Переживание было новым в моих однообразных ночных волнениях (я прокрутил мысль в действии: вот я пришел…) Ночь. (Ни ночь, ни утро.) Дом в четыре этажа, офис; у подъезда вахтер, то бишь ночной сторож. Но он вряд ли станет помехой. «Я вчера в комнате заседаний оставил кое-какие бумаги. Мы заседали вчера допоздна… Важные мне бумаги» (или лучше традиционное: забыл зонтик?) – вид у меня достаточно солидный, в руке портфель, а в портфеле в резерве бутылочка водки. «Что, до утра нельзя подождать?» – «Можно. Но боюсь, не смахнула бы уборщица. Она убирает с утра». – «Знаю, что с утра», – он ворчит. А я сую водку.
– Возьми, отец. За беспокойство… – Водку в нашем гастрономе продают в мерзкой посуде из-под фанты, вид отвратительный. (Из «фантовой» бутылки мы дома переливаем водку в старый дедовский графин, он с трещиной и с удивительной мелодией от нечаянного прикосновения – такая вот звуковая перекличка с тем тупым графином с водой, что посередине стола. Но это уж так: эмоция.) Бутылки из-под фанты, не перестав раздражать своим видом, все же выявили со временем неожиданный новый смысл: их удобно дарить, совать как взятку, даже ронять (не бьются). К тому же выгодно – 0,33 вместо 0,5. (Берущему как раз столько и нужно, чтоб выпить в одиночку. Да и пить удобнее. Сторожа, во всяком случае, охотно берут бутылочку, не бутылку.)
Итак, я сую ему 0,33 и прохожу внутрь. Час ранний; вахтер поднимется со мной на этаж, отопрет комнату заседаний, но, конечно, не войдет – мол, ищи. И вот я там. Вот – стол. Мне ведь много не надо. Три-четыре тихие минуты. Я придвину себе стул; сяду. Остальные стулья я воображу. (И судей воображу, если захочу, но я не захочу.) Мне главное положить на стол ладони, ощутить его; две минуты, пусть одна, но в тишине и чтобы с глазу на глаз.
Вряд ли я тем самым разрушу метафизику стола. (Но я к ней приближусь.) И, в ожидании вызова, когда я буду сидеть перед дверьми и ждать, стол тоже будет в некотором смысле меня ждать: он ведь меня и мои ладони будет помнить.
Кого-то из людей вызовут и кто-то пойдет прежде меня, отирая пот или напряженно прокашливая голос; я же скажу себе – чего это он так волнуется? там ничего особенного: там стол.
Поверхность стола – в трещинах.

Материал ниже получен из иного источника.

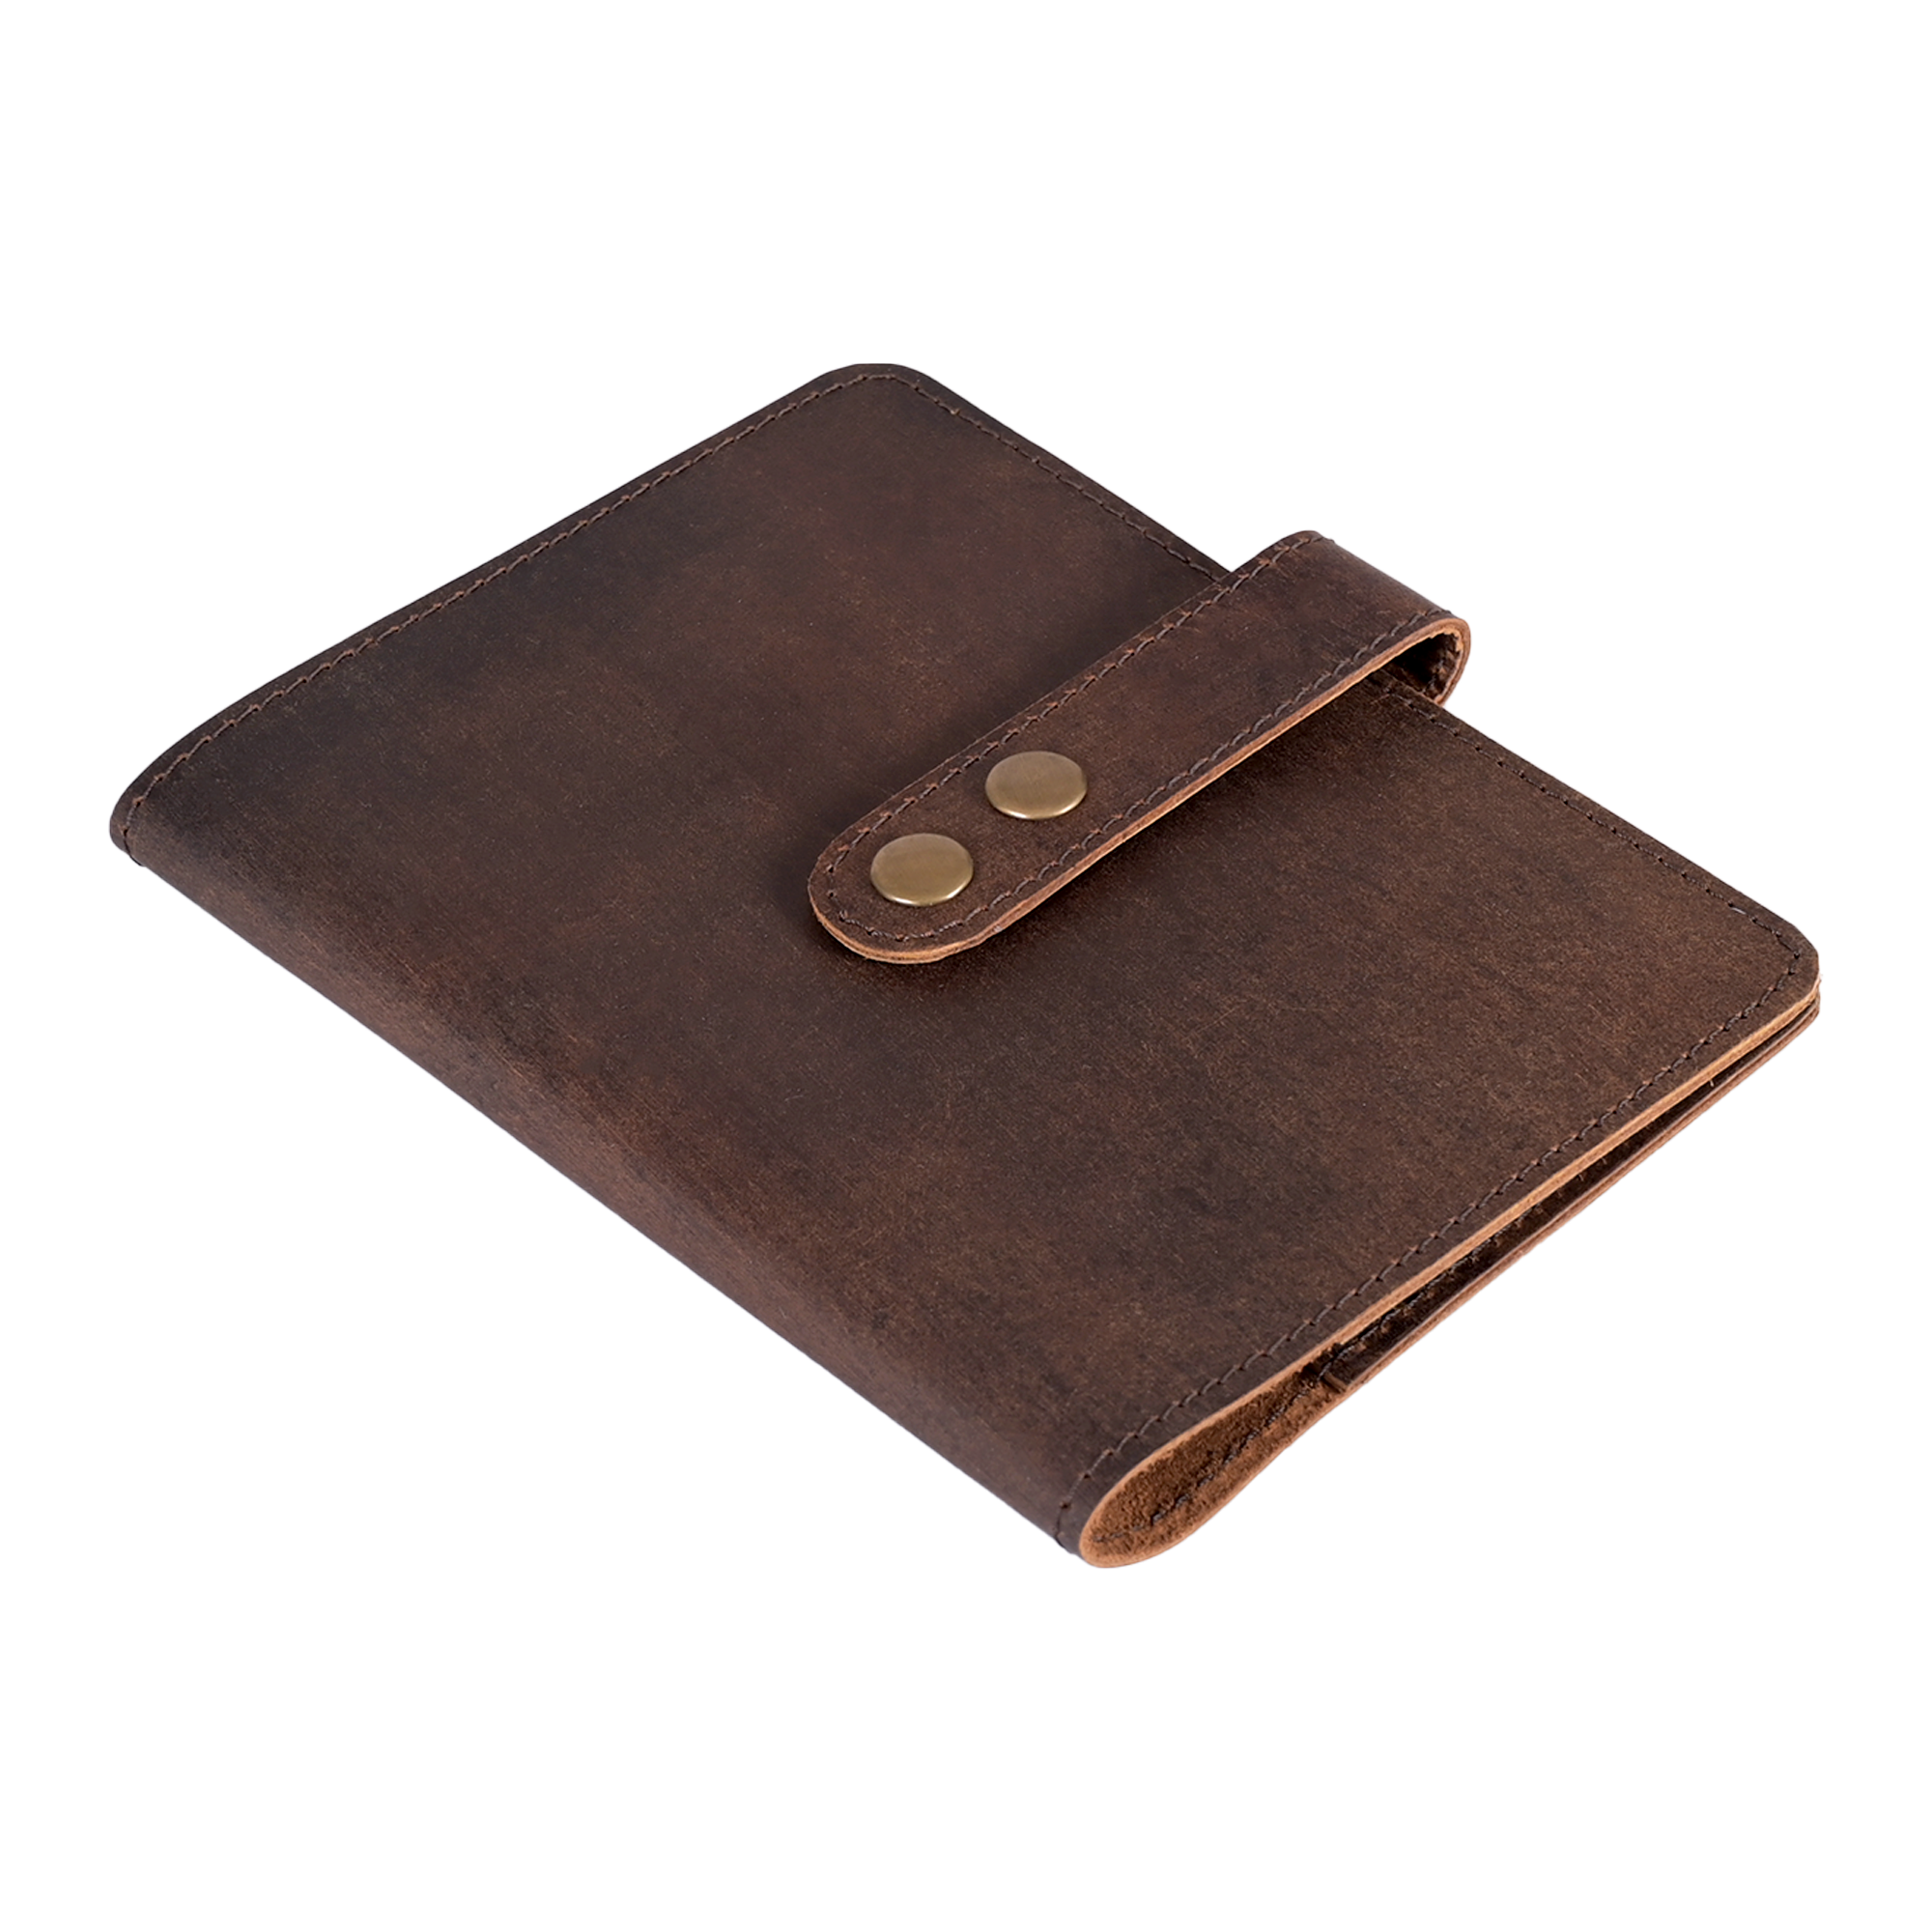 Standard Compact Leather Bible Cover

И возможно, со старыми пятнами от сгоревших высоких свечей давних-давних лет (я представил, что я уже сижу за этим столом – ночью, один). Старый стол будет вполне открыт мне. Я смогу всматриваться в старую фанеровку, как в долгую-долгую жизнь, – я ведь тоже могу сколько-то в его жизнь вникнуть. (Я тоже могу о чем-то спросить.) Я представил, как мягко, бережно трону ладонью поверхность, и на миг она оживет, выйдя из летаргии десятилетий. Мы будем один на один. Старый стол почувствует прикосновение ладони и тихо-тихо ответно дрогнет: ответит теплом в мою ладонь (с едва ощутимым вздохом столетней усталости).
Ночи довольно темны сейчас. (Буду ли я зажигать свет? – вероятно, зажгу.) Но ведь я смогу, если уж я войду в комнату для заседаний, найти стол и в темноте. Быстрыми шагами пройду в темноте к середине – стол ведь всегда в середине – и первое, что я сделаю (еще не вглядываясь), положу ладони, передавая его старым трещинам свое тепло.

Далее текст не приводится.